Internauci oburzeni: chcemy prawdy! Rząd odpowiada...

W kolejnych zgłoszeniach do redakcji Wirtualnej Polski oraz w komentarzach pod artykułami na temat ACTA, Internauci zwracają uwagę na pomijane w mediach aspekty kontrowersyjnego traktatu. - Mój apel do dziennikarzy: przestańcie nam wmawiać, że ACTA dotyczy wyłącznie internetu - pisze w komentarzu pod jednym z artykułów Internauta Lach. W odpowiedzi na ten apel zebraliśmy komentarze, które zwracają uwagę na pomijane zagadnienia. Tylko nieliczni publicyści zauważyli, że ACTA odnosi się do różnych sfer działalności gospodarczej i wykracza daleko poza internet. Ogólnie sformułowane przepisy mogą promować duże zachodnie koncerny z różnych branż, związanych m.in. z wytwarzaniem oprogramowania i leków.
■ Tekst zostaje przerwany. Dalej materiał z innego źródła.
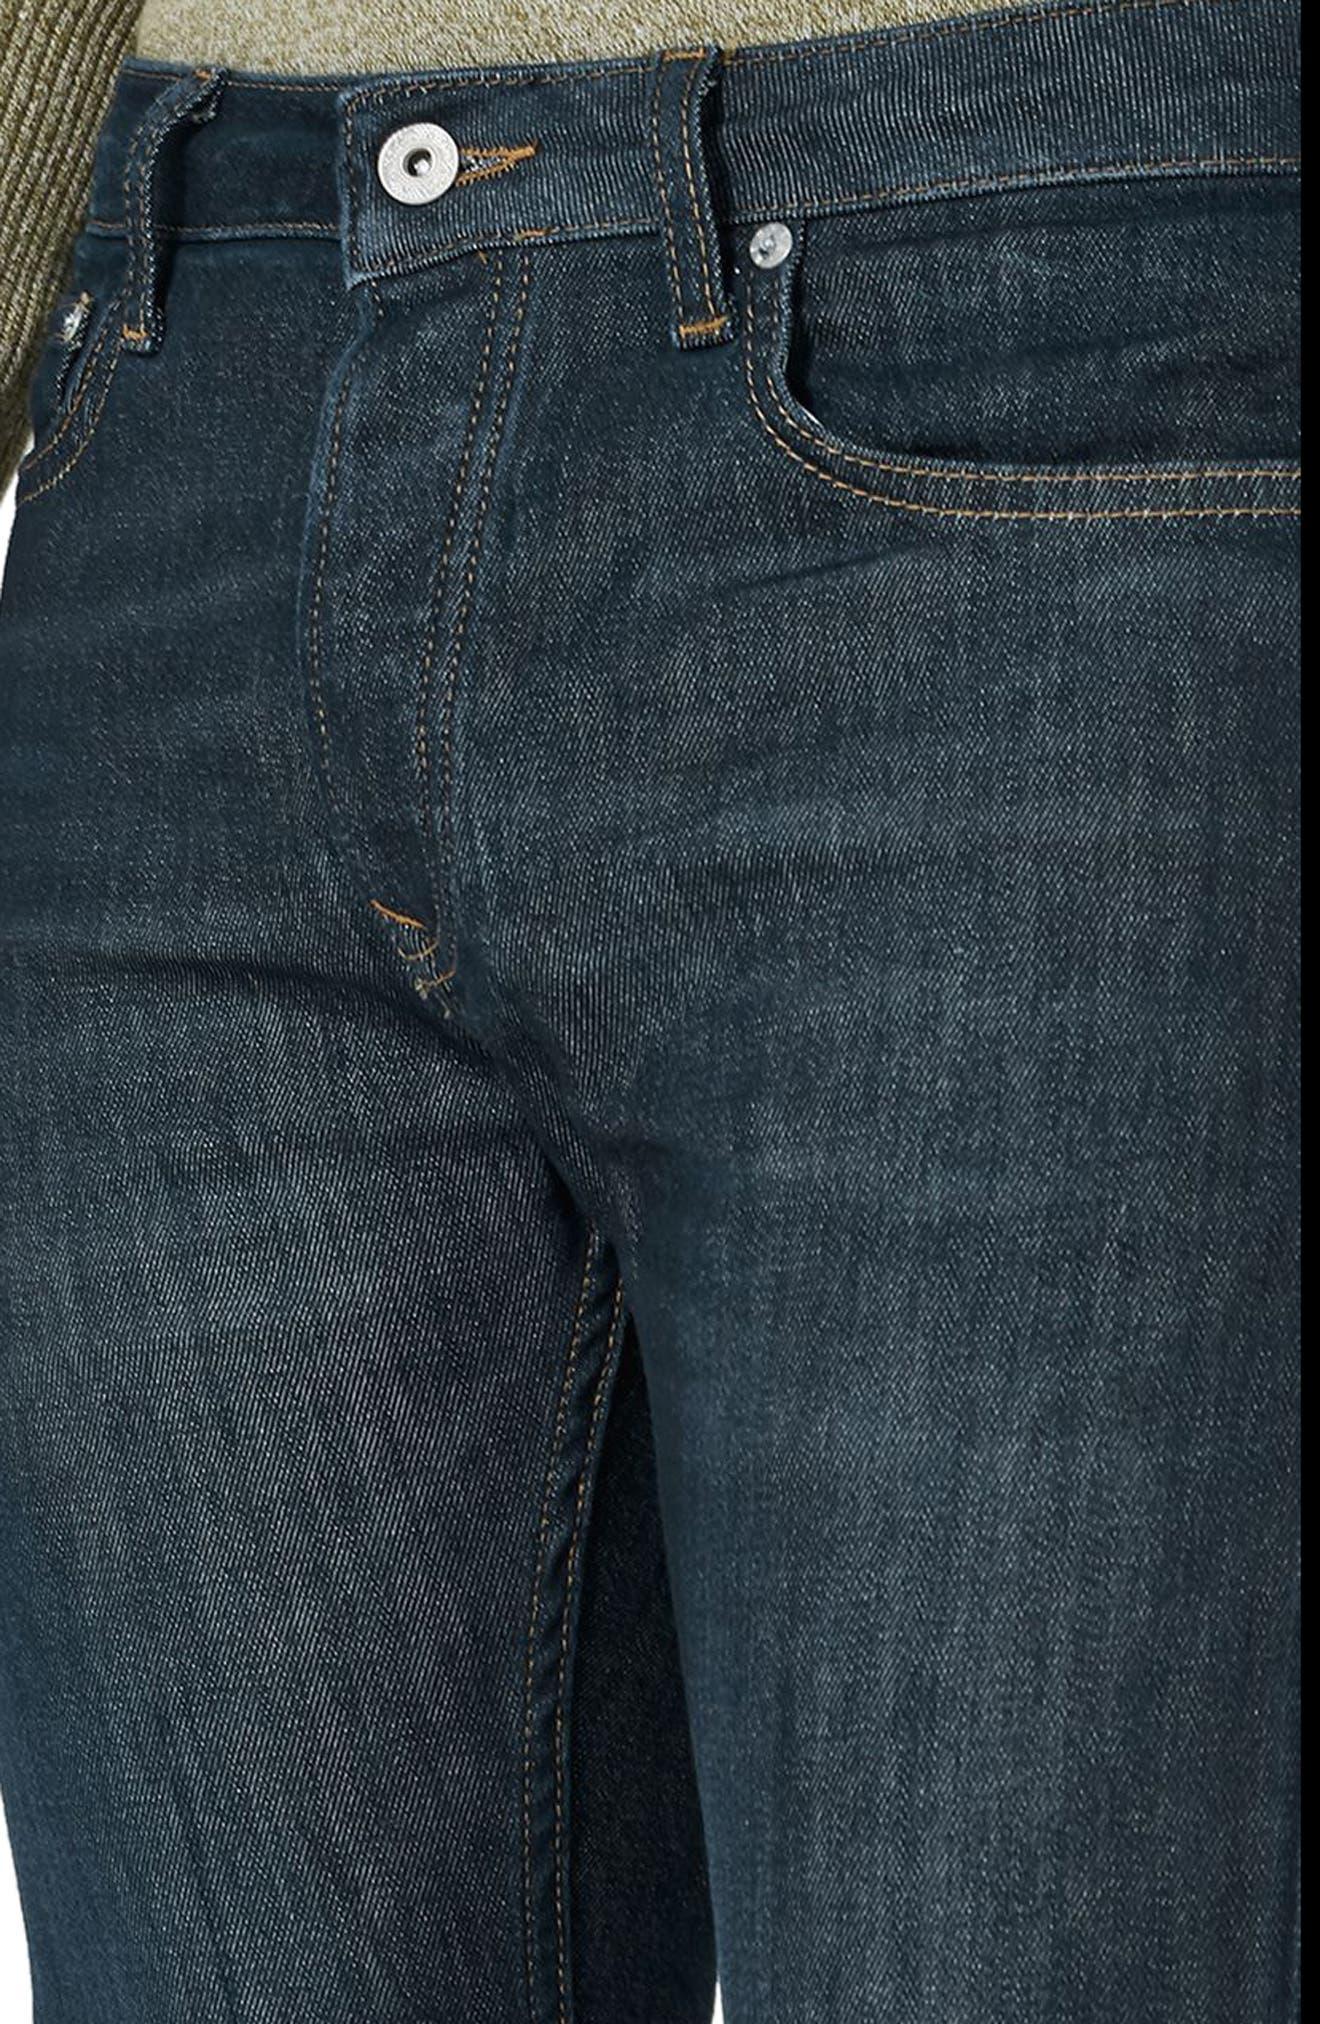 Coated Denim Skinny Jeans,                             Alternate thumbnail 3, color,                             Blue
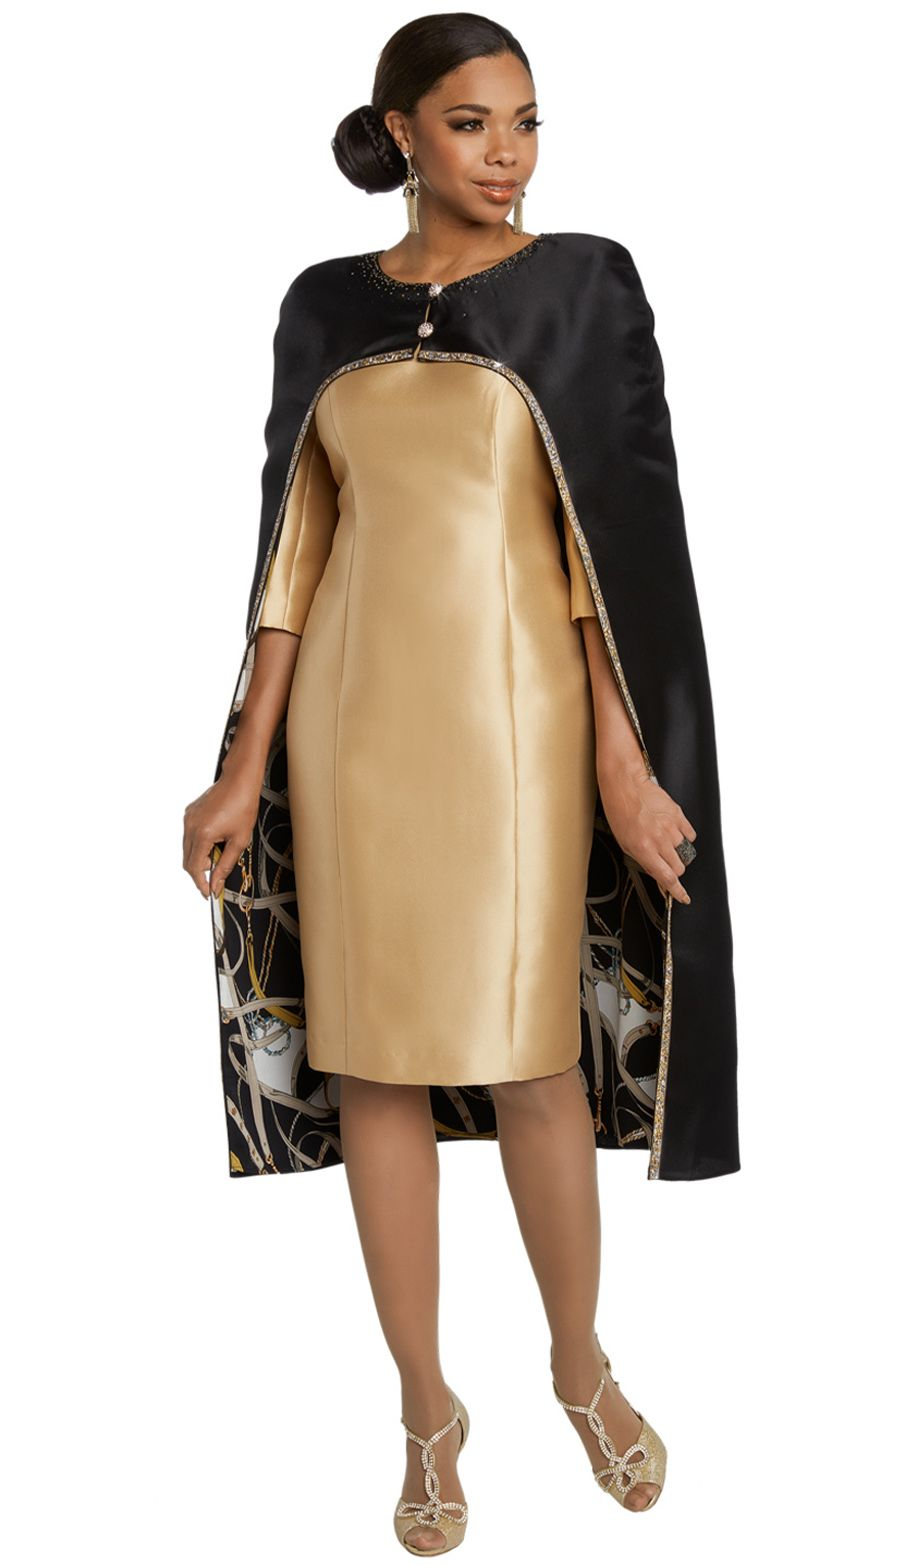 Neon Coral Summer Dress Affordable Modest Boutique Clothes For Women Trendy Modest Church Dresses For Wo Coral Summer Dresses Summer Dresses Modest Dresses [ 1105 x 736 Pixel ]

Szczególną aprobatę uczestników dyskusji zyskał komentarz Internauty Wirtualnej Polski, podpisującego się nickiem Zniesmaczony121. Komentarz był wielokrotnie kopiowany na forach dyskusyjnych różnych portali, dlatego trudno z całą pewnością ustalić jego źródło. - Jeśli przeczytasz całość, dowiesz się, że ACTA jest traktatem handlowym narzuconym przez USA, na warunkach USA. Nacisk jest wręcz fizycznie odczuwalny. Jak wiemy, ACTA dotyczy przeciwdziałania rozpowszechniania podróbek nie tylko w internecie, ale przede wszystkim w świecie realnym. ACTA będą miały zastosowanie wszędzie tam, gdzie zostanie naruszona zasada rzekomej oryginalności. Narzuci to rozprowadzanie produktów opartych na konkretnych patentach. Do czego zmierzam? Otóż ACTA nakładają na sygnatariuszy stosowanie wyrobów, które są poparte patentami zarejestrowanymi przez wielkie korporacje zachodu (czytaj USA). A dlaczego? Bo nie mamy własnych, które mogłyby konkurować z tamtymi. To od razu eliminuje konkurencję krajów rozwijających się, takich jak
Polska. Nie będziemy mogli niczego wyprodukować bez kupna licencji od korporacji zachodnich, inaczej będziemy odpowiadać za podrabianie. Będziemy biedni, ponieważ licencje są tak drogie, że nie sprzedamy niczego taniej od nich - twierdzi Internauta Zniesmaczony121. Komentujący wymienia również przykłady branż, w których polskie firmy poniosą straty.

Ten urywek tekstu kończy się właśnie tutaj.